PROBLEM STATEMENT —
Pictures aside, return all of the records exactly as they stand.
####
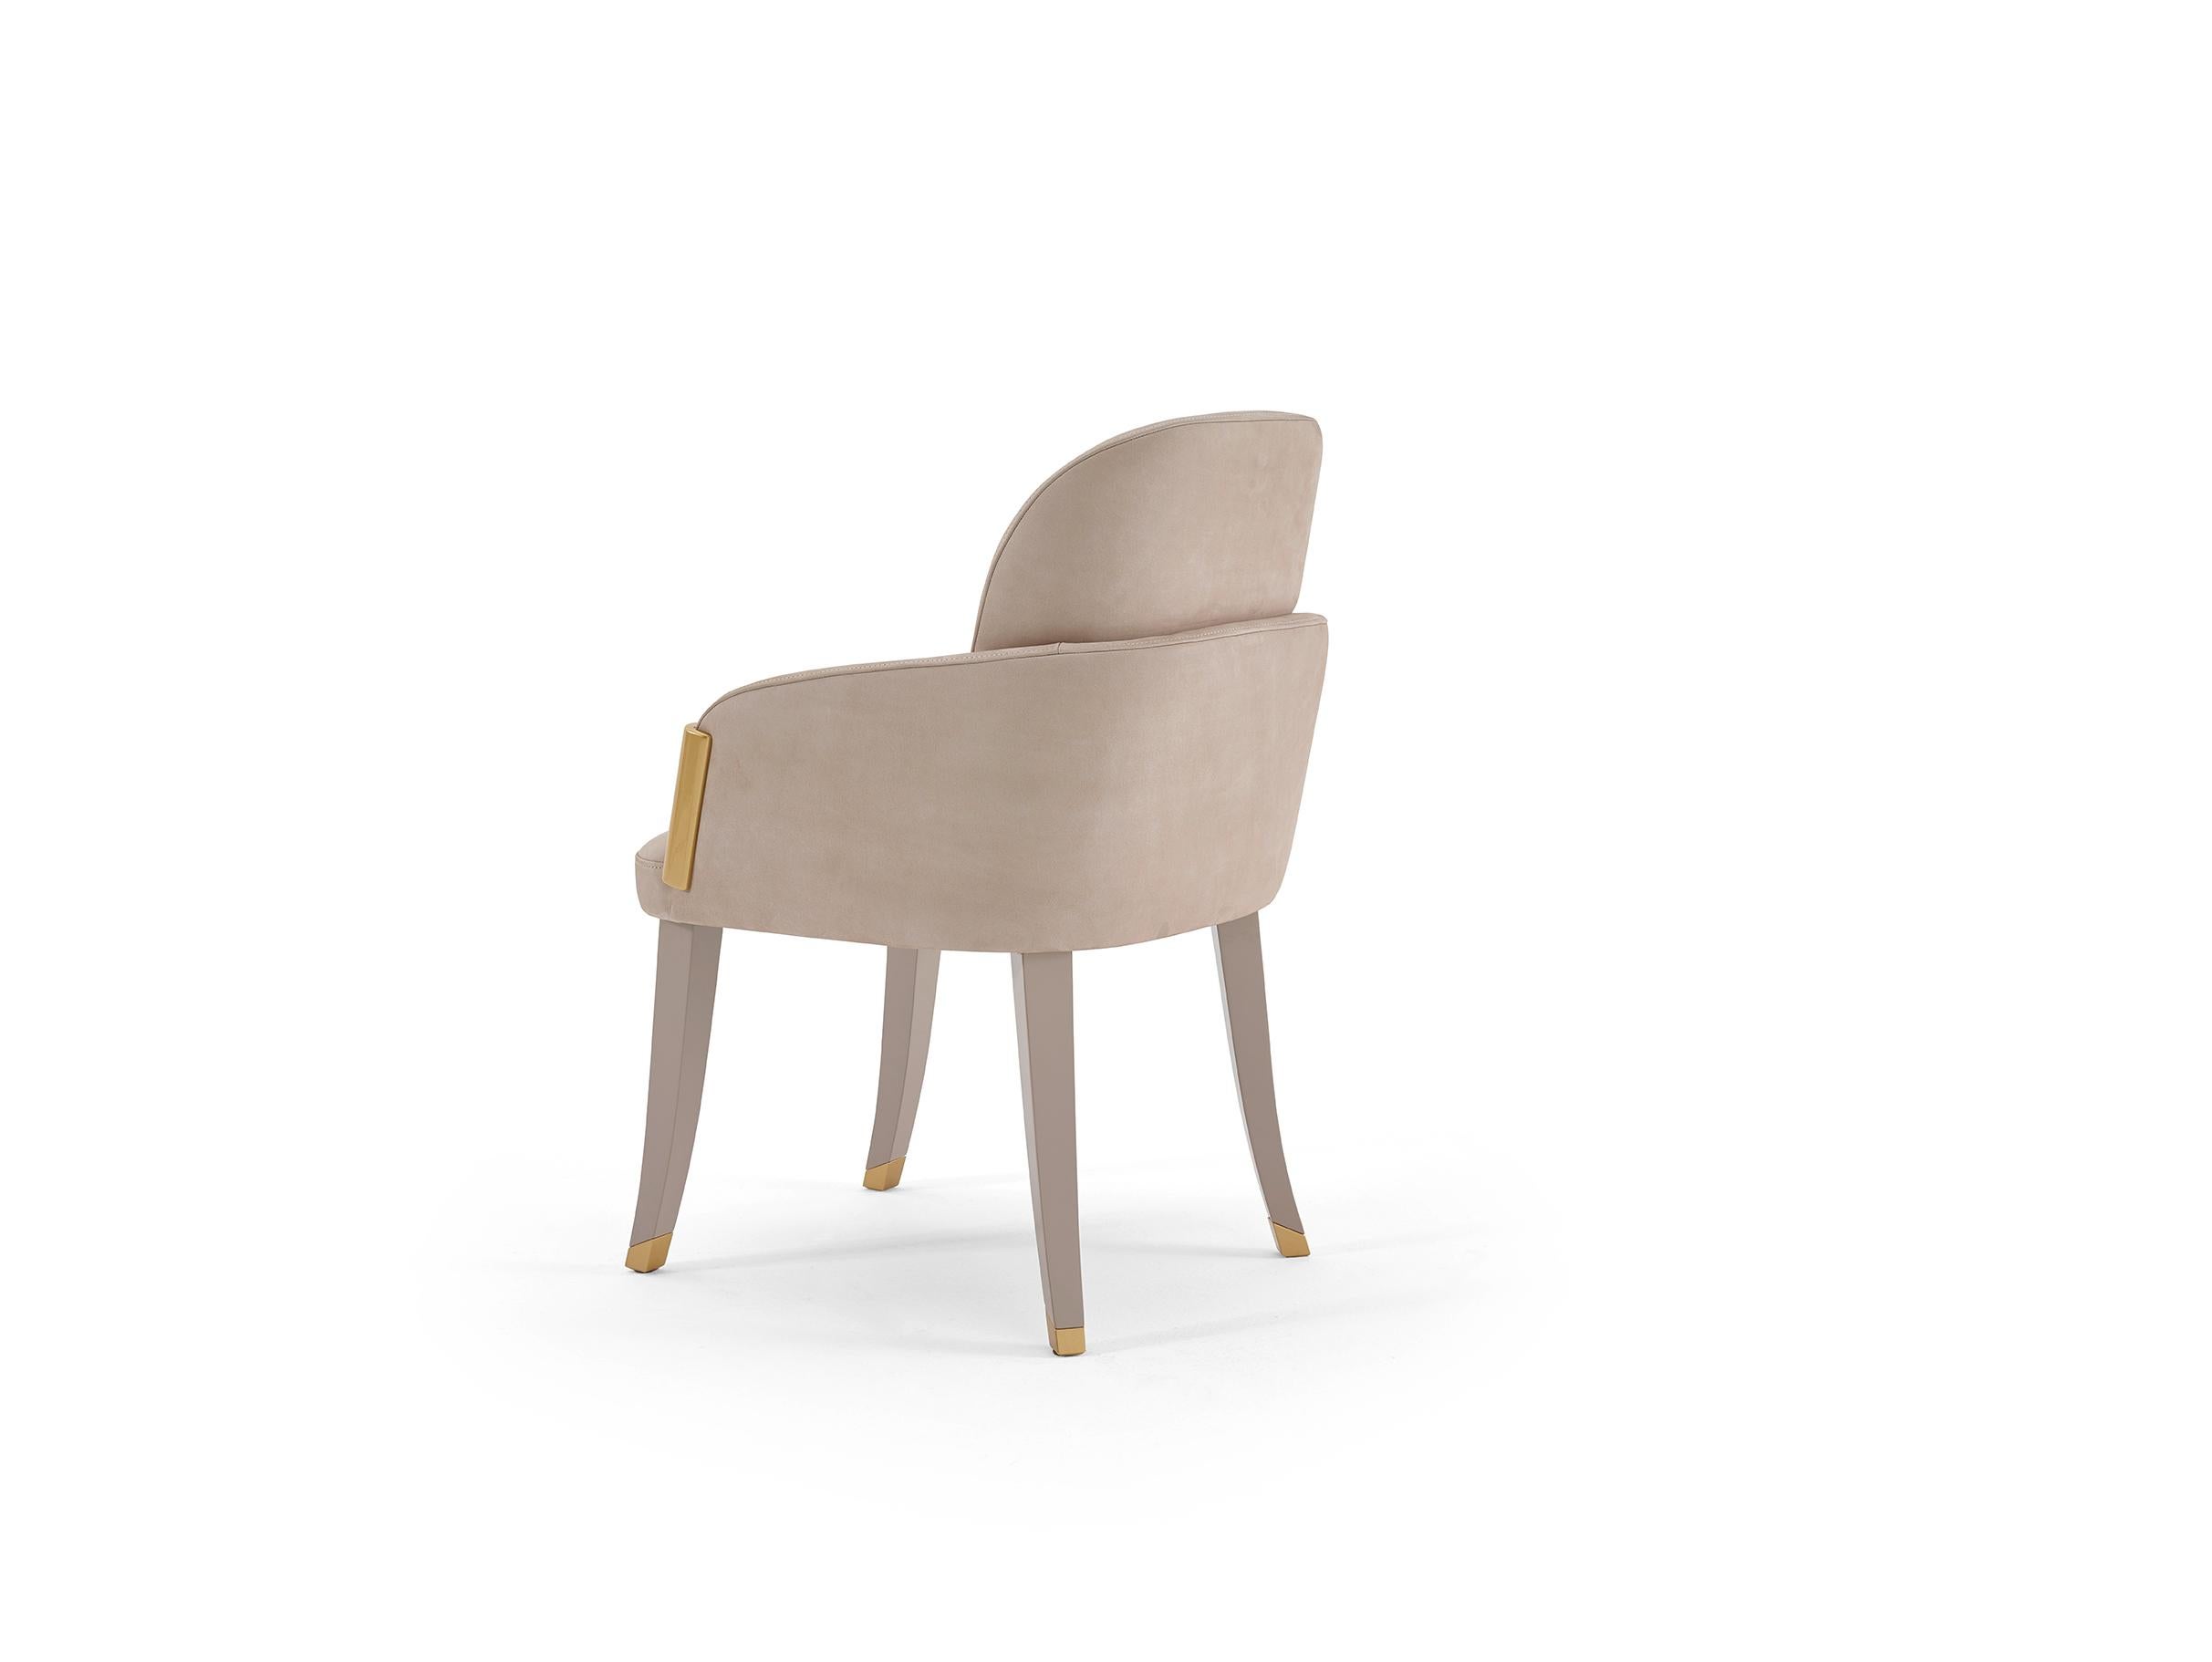 Künstlerisch handgefertigte Esszimmerstühle aus massiver Eiche in grau-beige lackiert.
Der Sessel wird mit grau-beigem Premium-Samt angeboten, der mit der Oberfläche des Gestells harmoniert.
Die Details sind in poliertem Gold lackiert.
100%
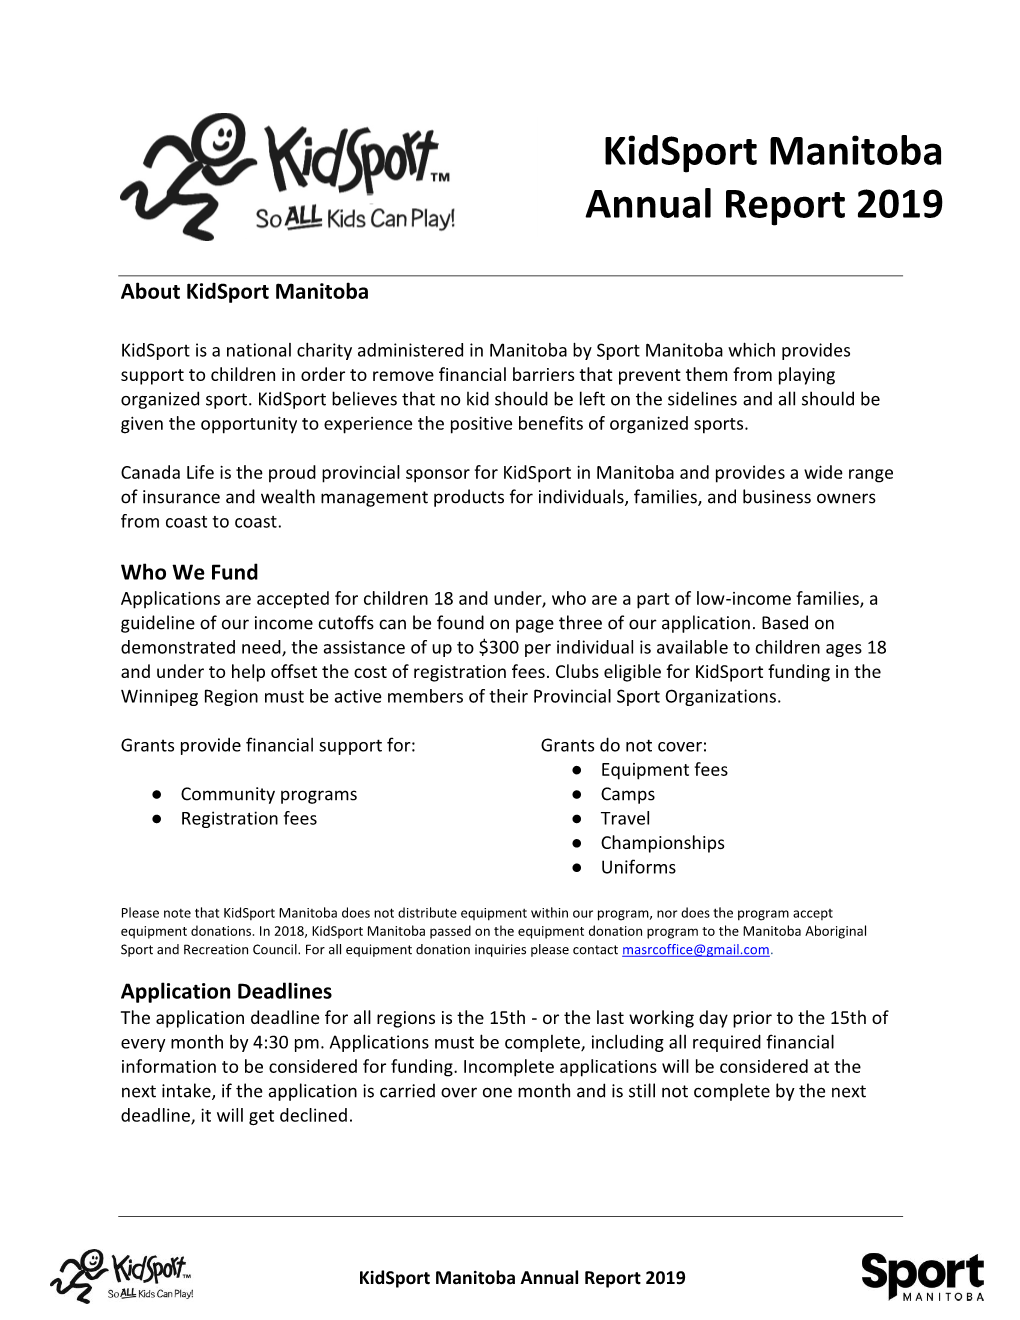 Kidsport Manitoba Annual Report 2019
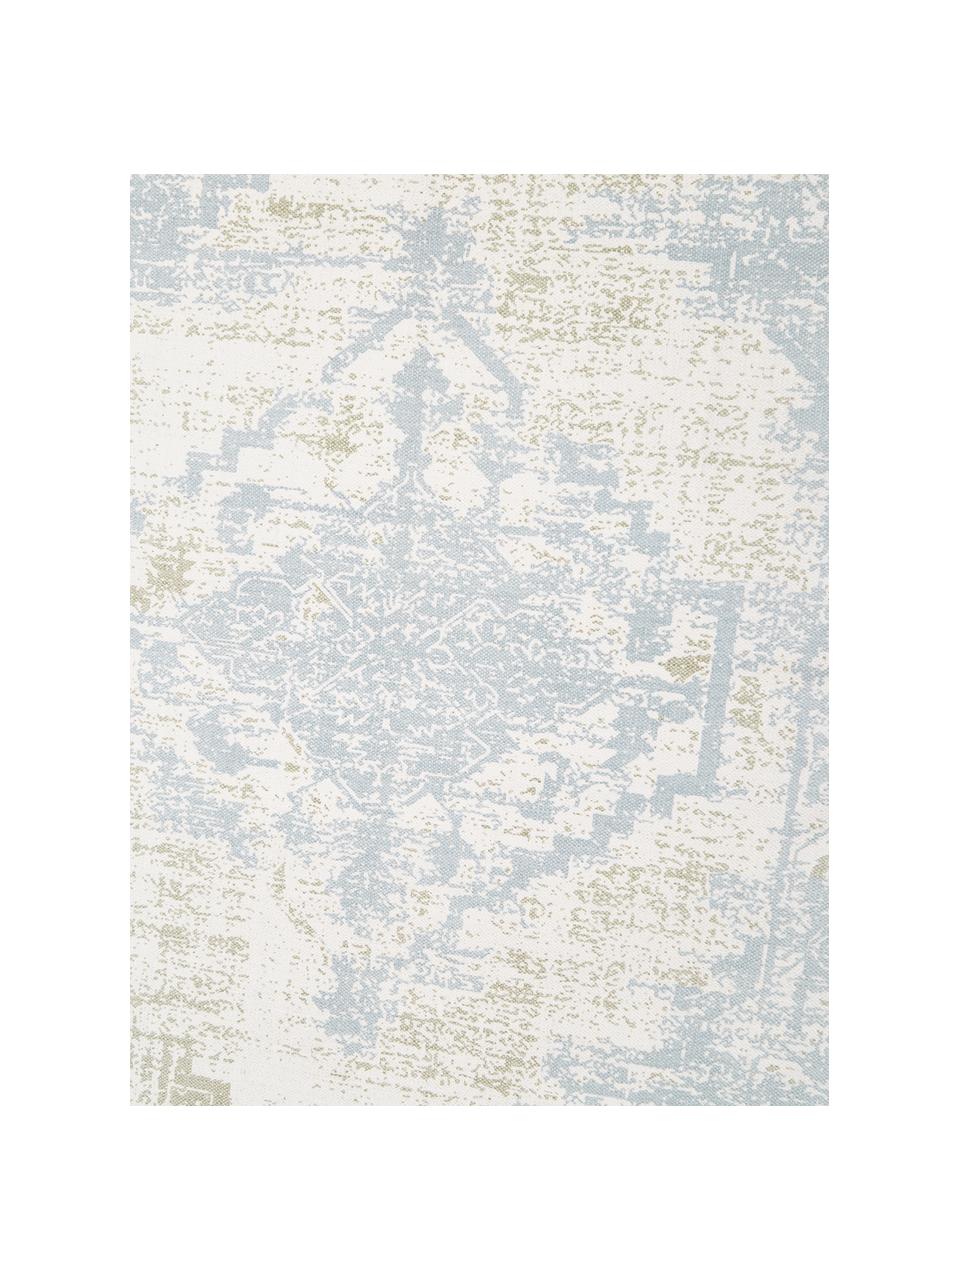 Dünner Baumwollteppich Jasmine in Beige/Blau im Vintage-Style, handgewebt, Blau- und Weisstöne, B 70 x L 140 cm (Grösse XS)
####
SOLUTION FOR THIS TASK —
 Künstlerisch handgefertigte Esszimmerstühle aus massiver Eiche in grau-beige lackiert.
Der Sessel wird mit grau-beigem Premium-Samt angeboten, der mit der Oberfläche des Gestells harmoniert.
Die Details sind in poliertem Gold lackiert.
100%
 Kidsport Manitoba Annual Report 2019
 Dünner Baumwollteppich Jasmine in Beige/Blau im Vintage-Style, handgewebt, Blau- und Weisstöne, B 70 x L 140 cm (Grösse XS)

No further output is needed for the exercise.